Apartment.configure do |config|
config.excluded_models = %w[Tenant User]
config.tenant_names = -> { Tenant.pluck(:schema_name) }
config.use_schemas = true
end
Rails.application.config.middleware.use Apartment::Elevators::Subdomain
class Tenant < ApplicationRecord
after_create :create_schema
validates :schema_name, presence: true, uniqueness: true,
format: { with: /\A[a-z0-9_]+\z/, message: 'only lowercase letters, numbers, and underscores' }
private
def create_schema
Apartment::Tenant.create(schema_name)
end
end
class ApplicationController < ActionController::Base
before_action :set_tenant
private
def set_tenant
tenant_name = request.subdomains.first
if tenant_name.present? && Tenant.exists?(schema_name: tenant_name)

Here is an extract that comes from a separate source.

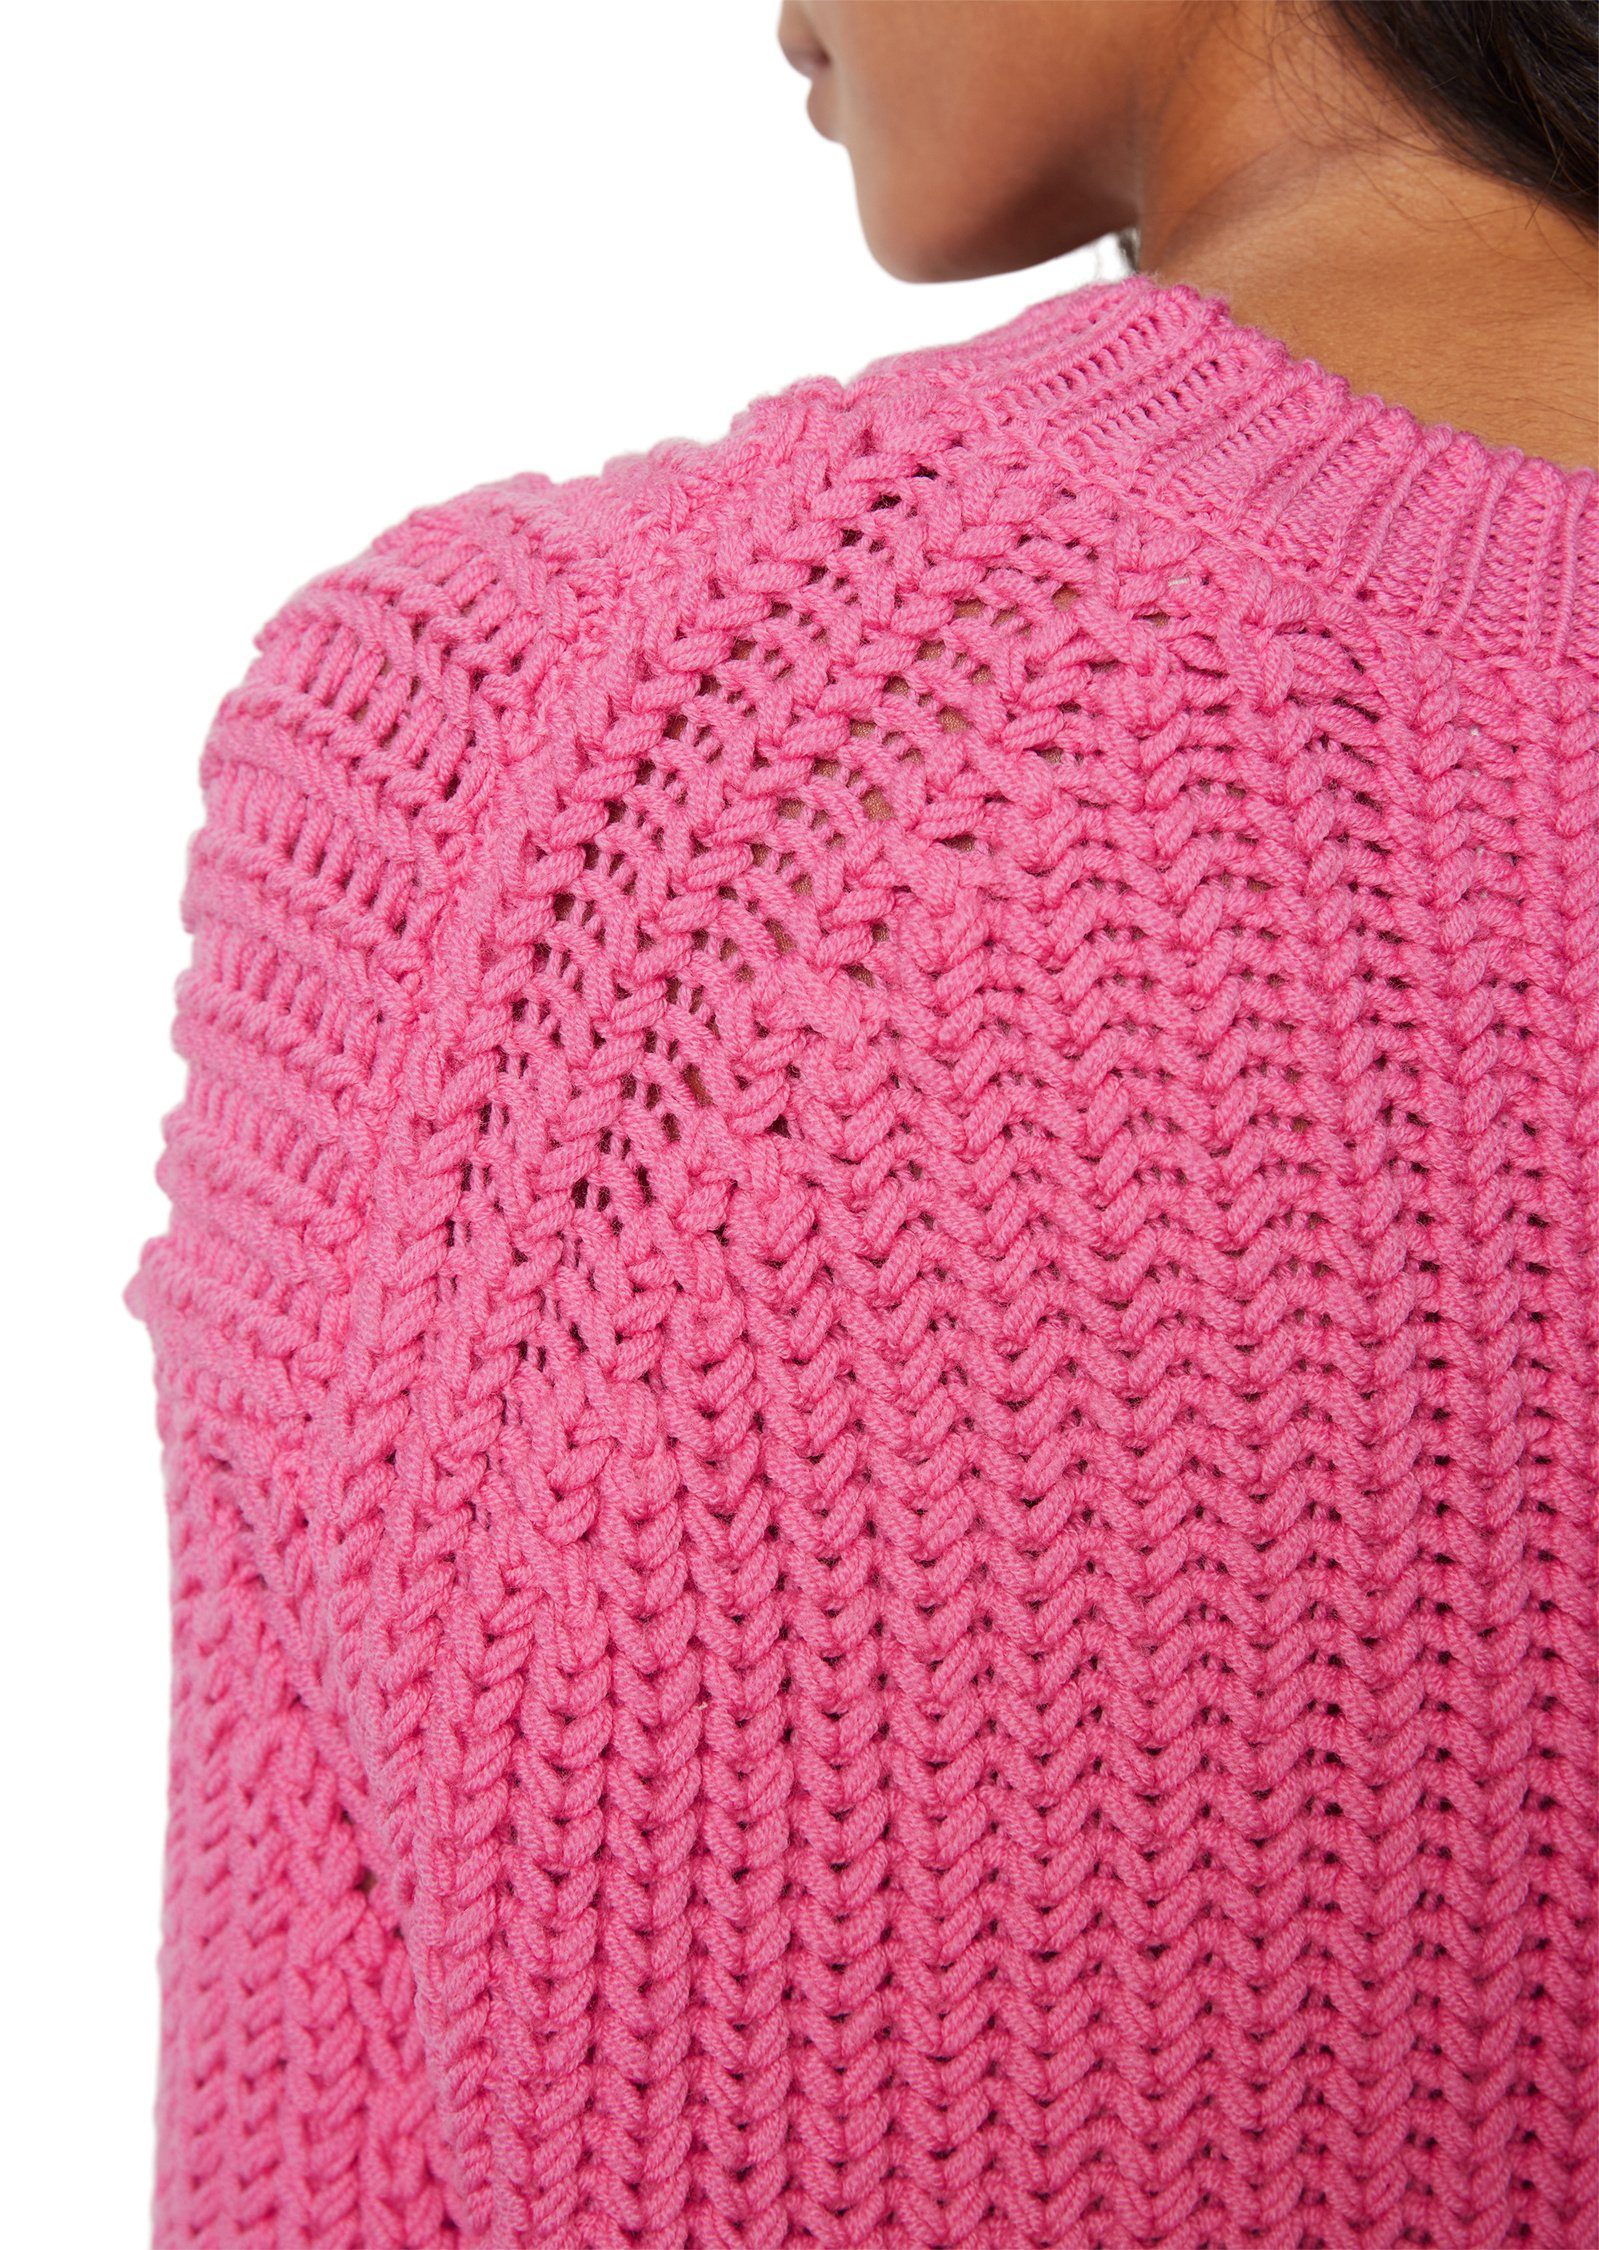 Marc O'Polo Strickpullover softer Schurwolle rosa aus

Apartment::Tenant.switch(tenant_name)
else
render json: { error: 'TENANT_NOT_FOUND' }, status: :not_found
end
end
end
SaaS applications serving multiple customers (tenants) need data isolation to prevent cross-tenant data leaks. The apartment gem provides schema-based multi-tenancy for PostgreSQL where each tenant gets a separate schema, ensuring complete database-level isolation. Tenant switching happens via Apartment::Tenant.switch(tenant_name), typically in a middleware or controller concern that extracts the tenant from subdomain or request headers. Migrations run across all tenant schemas automatically. This approach provides strong isolation with reasonable performance overhead. The alternative—row-based tenancy with a tenant_id column—is simpler but requires perfect discipline in all queries to avoid accidental cross-tenant data exposure. Schema-based tenancy makes mistakes obvious.